Listen, if someone who knew the future pointed out a child to you and told you that that child would grow up totally evil, to be a ruthless dictator who would destroy millions of lives, could you then kill that child?

The Fourth Doctor’s agonised question has been made real. Davros, it seems, has brought the Doctor here to face up to the choices he made. He abandoned the child Davros to die, but instead he created Davros who, in turn, created the Daleks. So the Doctor’s guilt and shame build and build.

Meanwhile, Missy and Clara have discovered that they are not on a space station but actually on a planet. This planet has been made invisible to them until they sync with the atmosphere, at which point they realise where they are; Skaro, homeworld of the Daleks.

Skaro: Planet of the Daleks

As an aside here, I do wish they’d make up their minds as to whether or not Skaro has been destroyed. It was blown up in Remembrance of the Daleks, and then randomly re-appeared again in Asylum of the Daleks (with no explanation and no sense of surprise at its being there), and now we’re supposed to be surprised when it turns up again. But, if we start listing continuity issues in Doctor Who we’ll be here all day.
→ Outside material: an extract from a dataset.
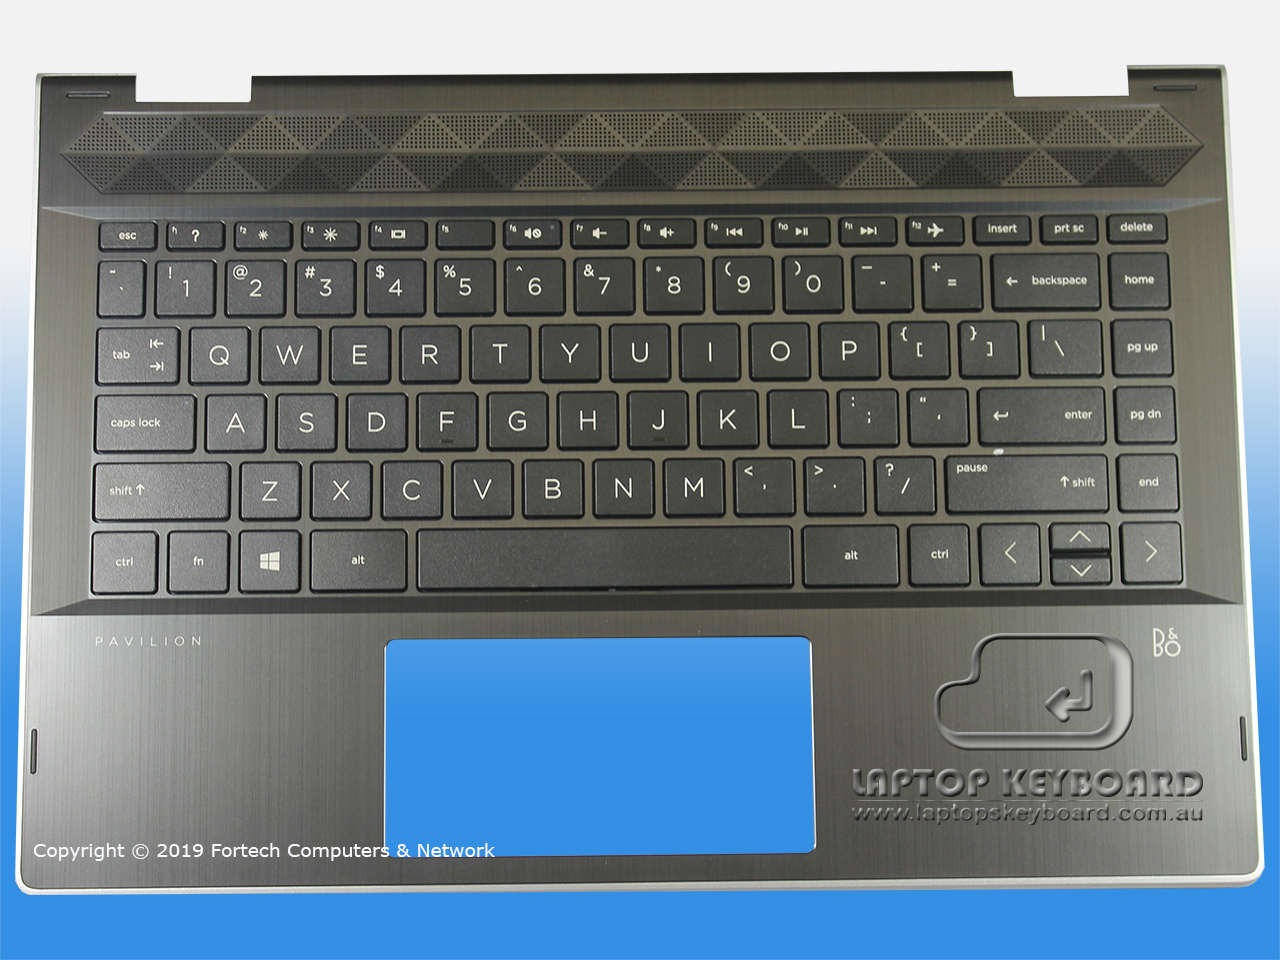 HP PAVILION X360 14-CD0000 TOPCOVER WITH KEYBOARD L18947-001 - Click Image to Close

As the Daleks capture Clara and Missy, the Doctor’s confrontation with Davros becomes ever more desperate. At the turning point, when the Daleks threaten the TARDIS, Missy turns and offers her allegiance to the Daleks, only to be shot by them -she disintegrates, which is not the usual Dalek extermination method, leading us to believe that there’s some funny business going on here. It’s not long before Clara explodes too and the Doctor’s TARDIS follows.

Somehow, the Doctor manages, it seems, to go back in time to when Davros was a child. Very few family shows would end an episode with their hero holding a gun to a child to kill him. Doctor Who is weird like that.